Three resilience changes plus the tests and benchmarks for them.

  • Setup action dumps the spiceio log on failure (both unexpected exit and timeout) and the grace window goes from 30s to 60s. Previously the log was written to RUNNER_TEMP but never echoed, so any startup stall past 30s was undiagnosable. The earlier successful baseline took ~12s, so 30s left only ~2.5x headroom on slow server days.
  • TCP connect timeout (15s) wrapping TcpStream::connect. Without it, a server dropping SYNs leaves the OS waiting 75-90s and stalls pool init past any sensible CI window.
  • Pool connection retry via a new retry_with_backoff helper used by SmbPool::connect with a 250ms / 750ms / 2s schedule (4 attempts). A flaky connection during startup no longer takes down the whole pool init.
  • Quieter protocol-layer logging: smb_status_to_io_error was serr!-ing every SMB status, including expected ones (NotFound on HEAD probes, SharingViolation during WAL cleanup). The unconditional log is gone — mapped statuses return their typed io::Error silently and the catchall arm still logs truly unknown statuses. STATUS_SHARING_VIOLATION (0xC0000043) now maps to ErrorKind::ResourceBusy.
  • Tests (+21, now 142 total) covering the full status-code mapping, the retry helper semantics (including elapsed-time floor and exhaustion behavior), and the newly public parse_compound_response (moved from client.rs to protocol.rs).
  • Benches (+3 in protocol_bench.rs): parse_compound_response over n=2/4/8, pipelined_read_decode at (depth, chunk) = (8,64K) / (64,64K) / (64,8K) with throughput reporting (GetObject hot-path inner loop), and pipelined_write_encode at (8,64K) / (64,64K) / (64,1M) (WAL pipelined-write inner loop).

Test plan

  • make lint clean (fmt-check + clippy -D warnings + rustdoc -D warnings)
  • cargo test --lib — 142 passed, 0 failed
  • cargo bench --bench protocol_bench -- --test — every bench case runs its smoke iteration
  • cargo bench --bench protocol_bench -- 'pipelined_read_decode/d64_c65536' --quick — produces real numbers (~69 µs / 56 GiB/s on the dev machine)
  • CI green on this branch — re-run the previously failing job and confirm the new action surfaces the spiceio log if startup stalls

Three resilience changes plus the tests and benchmarks for them.

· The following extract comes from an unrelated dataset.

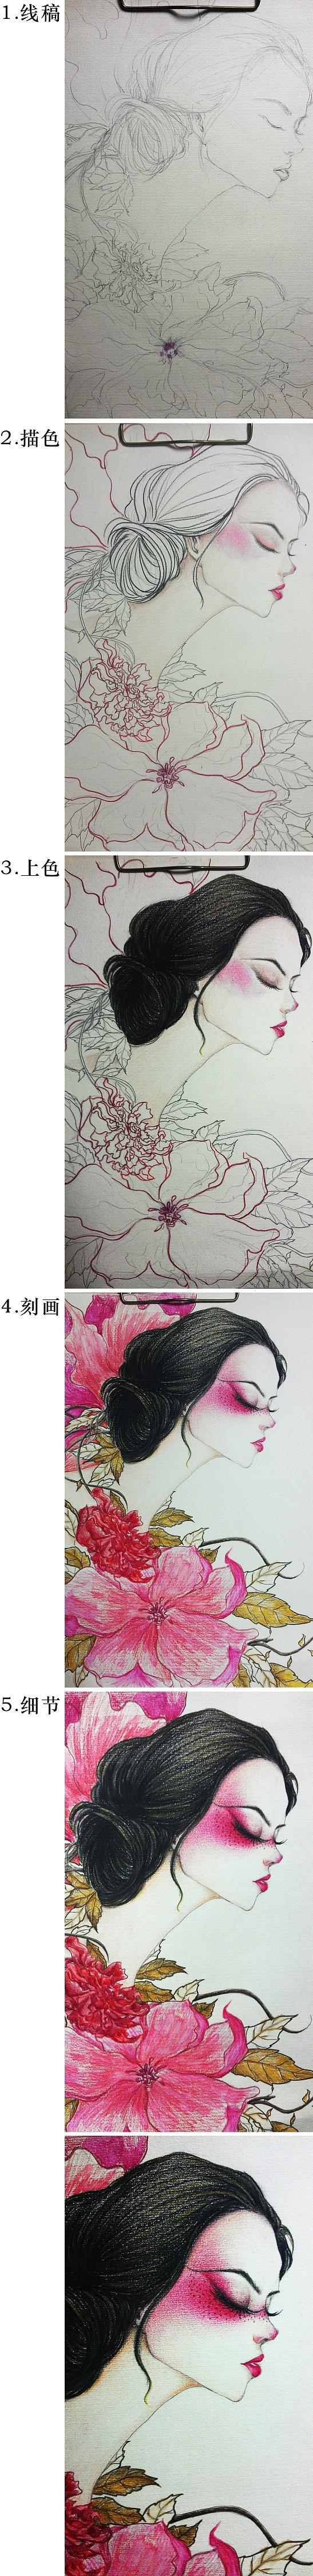 彩铅画·蔷薇妹子
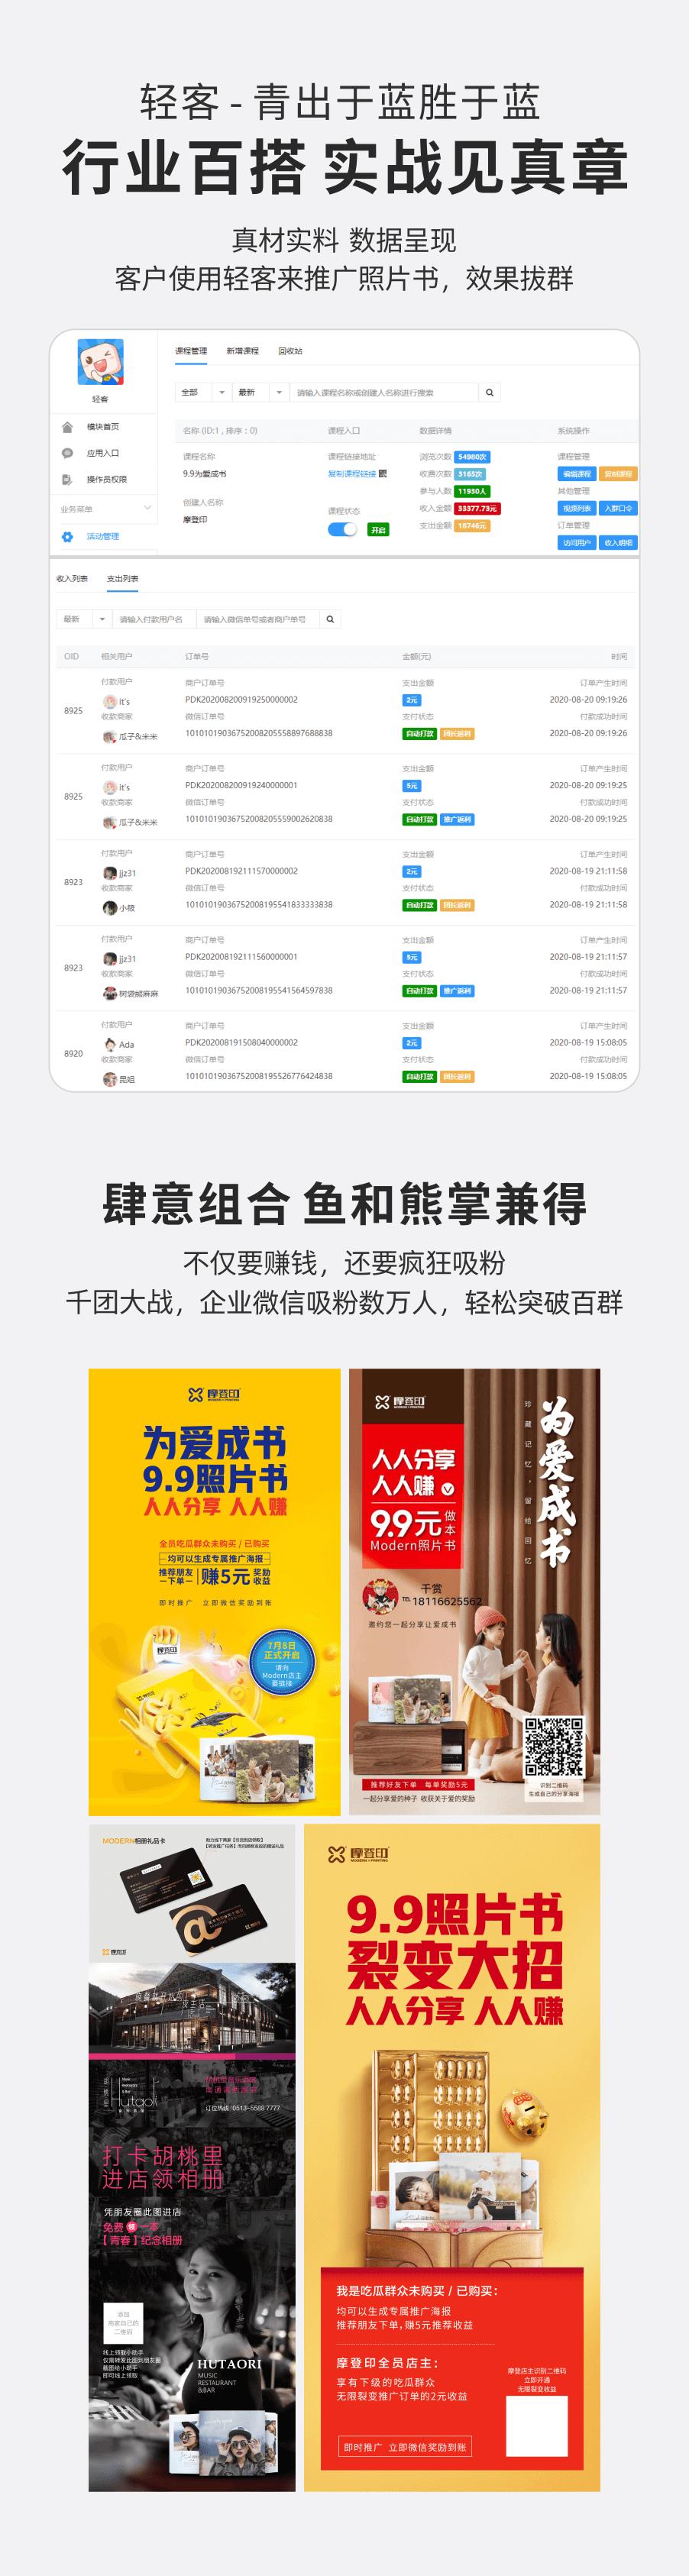 轻客海报2020原_04.png

Setup action: dump the spiceio log on failure (both unexpected exit and
timeout). The log was being written to RUNNER_TEMP but never echoed, so
when startup stalled past the grace window there was no way to diagnose
which phase hung. Also doubled the grace from 30s to 60s — the previous
good run took ~12s, leaving only ~2.5x headroom for a slow server day.

TCP connect timeout: TcpStream::connect had no spiceio-level timeout, so
a server dropping SYNs left the OS waiting 75-90s and stalled pool init
past any sensible CI window. Wrapped in tokio::time::timeout(15s) with
explicit TimedOut error.

Pool connection retry: extracted retry_with_backoff helper used by
SmbPool::connect with a 250ms/750ms/2s schedule (4 attempts). A flaky
connection during startup no longer takes down the whole pool init.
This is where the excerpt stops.